- [Task objective] Return the data. Every word must match.

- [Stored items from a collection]
____________________
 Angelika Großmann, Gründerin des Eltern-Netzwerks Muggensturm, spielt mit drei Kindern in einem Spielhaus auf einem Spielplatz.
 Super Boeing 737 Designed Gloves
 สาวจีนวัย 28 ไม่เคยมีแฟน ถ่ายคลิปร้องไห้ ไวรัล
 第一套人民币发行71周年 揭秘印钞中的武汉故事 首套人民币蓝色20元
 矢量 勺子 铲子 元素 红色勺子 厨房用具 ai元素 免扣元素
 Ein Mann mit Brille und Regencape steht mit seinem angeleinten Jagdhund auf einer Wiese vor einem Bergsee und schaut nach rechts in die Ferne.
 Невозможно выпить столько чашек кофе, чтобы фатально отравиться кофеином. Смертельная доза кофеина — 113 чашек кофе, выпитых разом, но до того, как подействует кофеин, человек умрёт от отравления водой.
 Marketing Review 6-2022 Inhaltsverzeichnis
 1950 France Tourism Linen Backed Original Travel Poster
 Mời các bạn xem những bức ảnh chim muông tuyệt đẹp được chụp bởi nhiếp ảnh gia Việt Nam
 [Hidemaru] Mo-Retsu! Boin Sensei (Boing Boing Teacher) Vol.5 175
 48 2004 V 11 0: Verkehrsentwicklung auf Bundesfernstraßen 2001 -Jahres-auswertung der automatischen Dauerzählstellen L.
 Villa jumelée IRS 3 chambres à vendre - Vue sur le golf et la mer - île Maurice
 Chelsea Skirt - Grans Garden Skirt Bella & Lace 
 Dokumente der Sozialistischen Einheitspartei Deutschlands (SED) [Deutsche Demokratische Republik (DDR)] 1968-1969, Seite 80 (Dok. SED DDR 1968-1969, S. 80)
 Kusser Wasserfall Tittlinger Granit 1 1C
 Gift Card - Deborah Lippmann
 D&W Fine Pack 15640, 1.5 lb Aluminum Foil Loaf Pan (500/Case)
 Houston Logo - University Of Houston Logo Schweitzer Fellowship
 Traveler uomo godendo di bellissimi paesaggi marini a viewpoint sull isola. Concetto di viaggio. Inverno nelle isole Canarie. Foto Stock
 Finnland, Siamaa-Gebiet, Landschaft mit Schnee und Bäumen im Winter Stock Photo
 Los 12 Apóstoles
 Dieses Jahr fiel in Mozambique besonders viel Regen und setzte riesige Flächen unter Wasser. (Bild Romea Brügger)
____________________
- [Task solution]
 Angelika Großmann, Gründerin des Eltern-Netzwerks Muggensturm, spielt mit drei Kindern in einem Spielhaus auf einem Spielplatz.
 Super Boeing 737 Designed Gloves
 สาวจีนวัย 28 ไม่เคยมีแฟน ถ่ายคลิปร้องไห้ ไวรัล
 第一套人民币发行71周年 揭秘印钞中的武汉故事 首套人民币蓝色20元
 矢量 勺子 铲子 元素 红色勺子 厨房用具 ai元素 免扣元素
 Ein Mann mit Brille und Regencape steht mit seinem angeleinten Jagdhund auf einer Wiese vor einem Bergsee und schaut nach rechts in die Ferne.
 Невозможно выпить столько чашек кофе, чтобы фатально отравиться кофеином. Смертельная доза кофеина — 113 чашек кофе, выпитых разом, но до того, как подействует кофеин, человек умрёт от отравления водой.
 Marketing Review 6-2022 Inhaltsverzeichnis
 1950 France Tourism Linen Backed Original Travel Poster
 Mời các bạn xem những bức ảnh chim muông tuyệt đẹp được chụp bởi nhiếp ảnh gia Việt Nam
 [Hidemaru] Mo-Retsu! Boin Sensei (Boing Boing Teacher) Vol.5 175
 48 2004 V 11 0: Verkehrsentwicklung auf Bundesfernstraßen 2001 -Jahres-auswertung der automatischen Dauerzählstellen L.
 Villa jumelée IRS 3 chambres à vendre - Vue sur le golf et la mer - île Maurice
 Chelsea Skirt - Grans Garden Skirt Bella & Lace 
 Dokumente der Sozialistischen Einheitspartei Deutschlands (SED) [Deutsche Demokratische Republik (DDR)] 1968-1969, Seite 80 (Dok. SED DDR 1968-1969, S. 80)
 Kusser Wasserfall Tittlinger Granit 1 1C
 Gift Card - Deborah Lippmann
 D&W Fine Pack 15640, 1.5 lb Aluminum Foil Loaf Pan (500/Case)
 Houston Logo - University Of Houston Logo Schweitzer Fellowship
 Traveler uomo godendo di bellissimi paesaggi marini a viewpoint sull isola. Concetto di viaggio. Inverno nelle isole Canarie. Foto Stock
 Finnland, Siamaa-Gebiet, Landschaft mit Schnee und Bäumen im Winter Stock Photo
 Los 12 Apóstoles
 Dieses Jahr fiel in Mozambique besonders viel Regen und setzte riesige Flächen unter Wasser. (Bild Romea Brügger)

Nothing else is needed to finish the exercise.